Note from the above example that our attribute names are in camel case whereas our query columns are not. The mapping between columns and attributes is not case sensitive.

Also note that while it is possible to map simple query results to persistent object collections, it is not recommended. This is due to the following reasons:

  • Populating relationships are not supported.
  • Runtime errors will occur when accidentally saving objects that were retrieved using a select query.
  • Using non-persistent objects with descriptive names more clearly defines the purpose of the objects and improves code legibility.

In cases where there is no direct data type in the DSL to represent a data type retrieved from a query, casting can be used. In our example this is shown by the result of the PostgreSQL count function result being cast to int:


This is done because of the fact that the PostgreSQL function returns a value of type long. The closest to this type in the DSL is int, and therefore the above casting is performed in the query.

Another example of explicit casting to take note of is in the case where a mapping to a DSL decimal type needs to occur. The underlying Java implementation of the decimal type in the DSL is double. For this reason a value needs to be cast to double precision in the SQL query before it can be mapped to a decimal attribute in the DSL. This casting can be achieved as follows:

select 9.98765665543356::double precision
select cast(9.98765665543356 as double precision)

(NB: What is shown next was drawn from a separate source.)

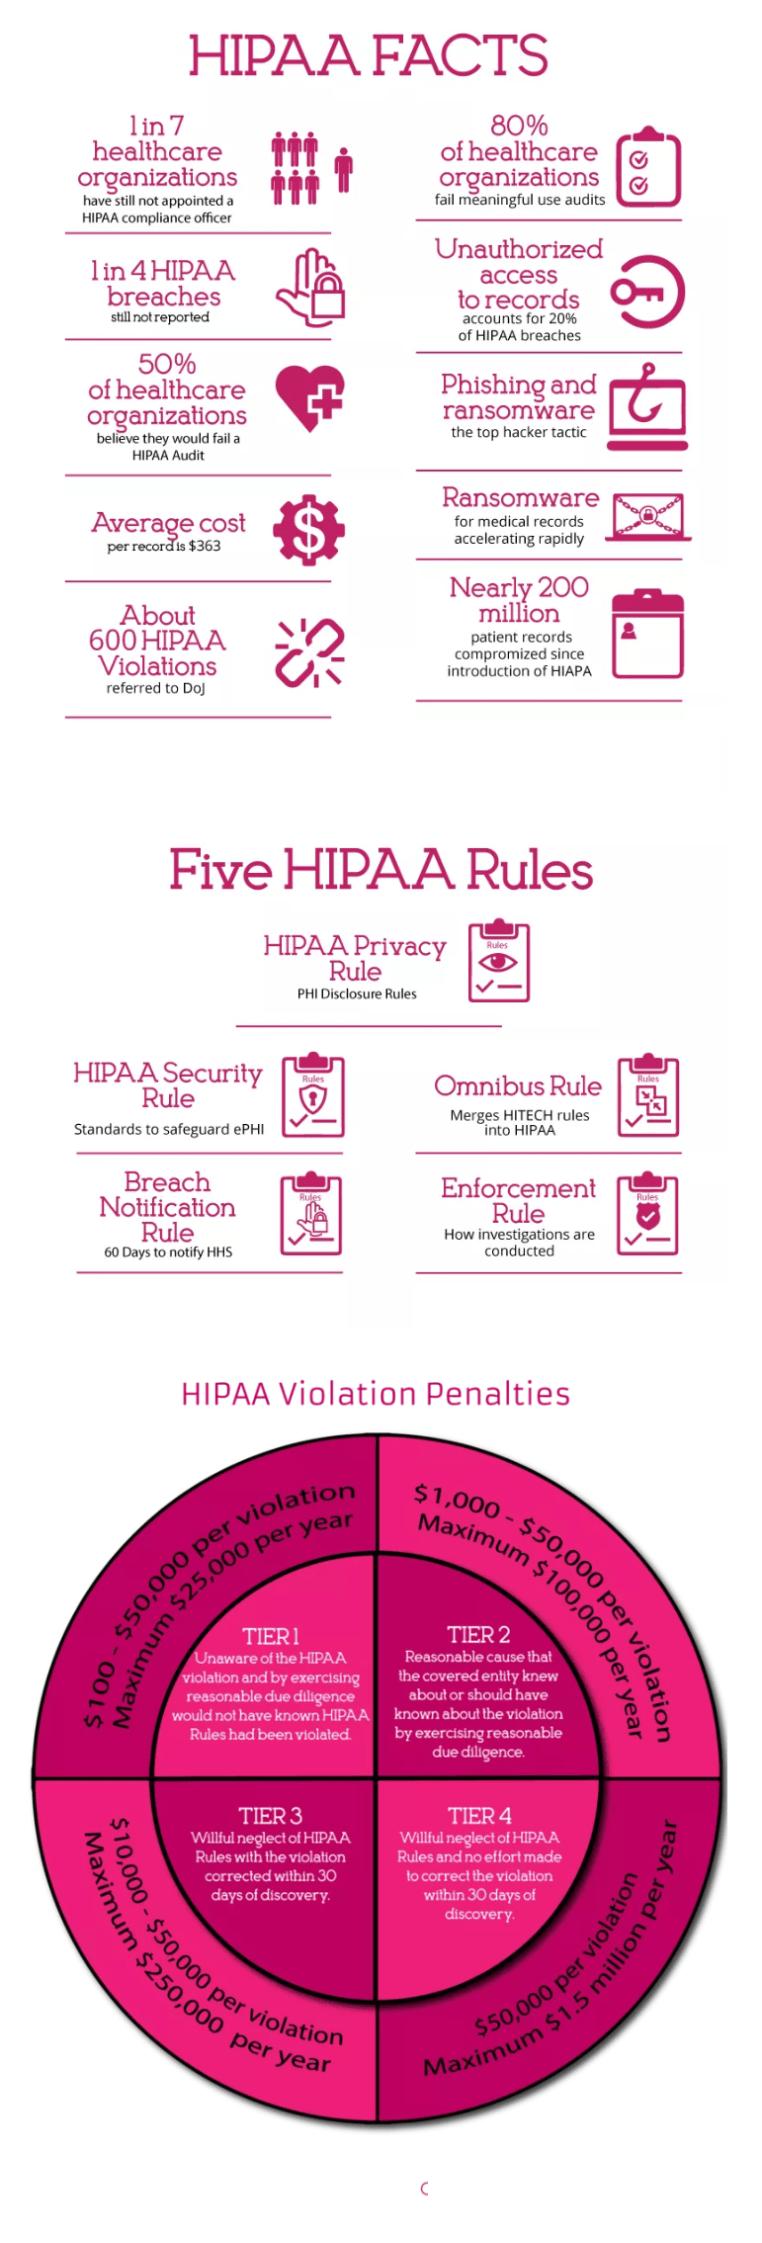 hipaa rules facts violations - HIPAA compliance checklist 2019
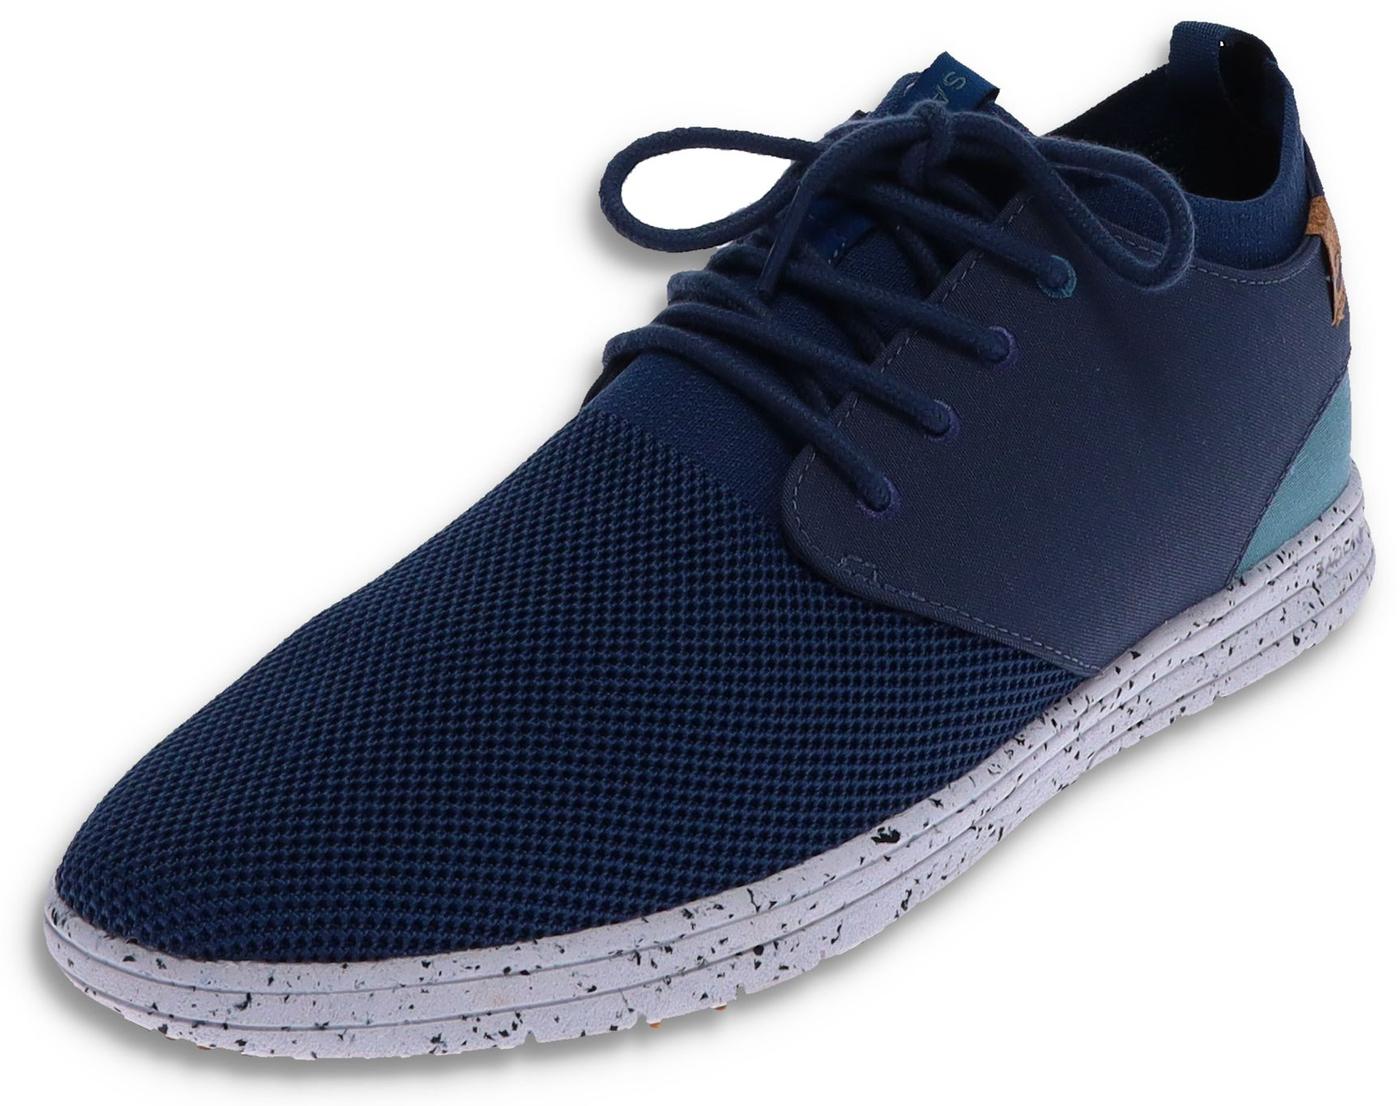 Saola SEMNOZ II Dark Denim vegan Men's Sneaker - blue

Attribute names and types need to correspond to the columns for the data being returned from your select query.

Query results should only be mapped to collections of non-persistent objects. Using persistent objects will result in undefined behaviour.

Be aware that SQL that is executed using sql:query is not executed when the sql:query statement is encountered. Rather, it is executed when the result set is first referenced. This means that if the SQL contains errors which result in runtime errors, the error will not be generated as part of sql:query but rather as part of the code that accesses the result set of the statement execution.

Explicit casting in queries might be needed to match the resulting row data type with a DSL object attribute.

Number of Records Limit

The number of records returned using the sql:query function is limited by default. By default the limit is 1000 records. If an app requires a higher limit or the limit to be removed altogether, it has to be requested by means of a support request by following the process defined here. This app configuration will then be updated which will override the system default.

If the number of records retrieved by the sql:query function exceeds the current limit, an exception will be thrown. The details of the error can, as per usual, be inspected using the Helium Logging Service.

Reaching the configured or default limit on the number of records returned by the sql:query function will result in an exception that can seen using the Helium Logging Service.

A Note on Temp Tables

It's important to note that SQL making use of temporary tables are, in most cases, not supported in Helium and in general the use of temporary tables in DSL apps is discouraged. Please see additional notes on this here.

Avoid SQL using temporary tables in DSL apps.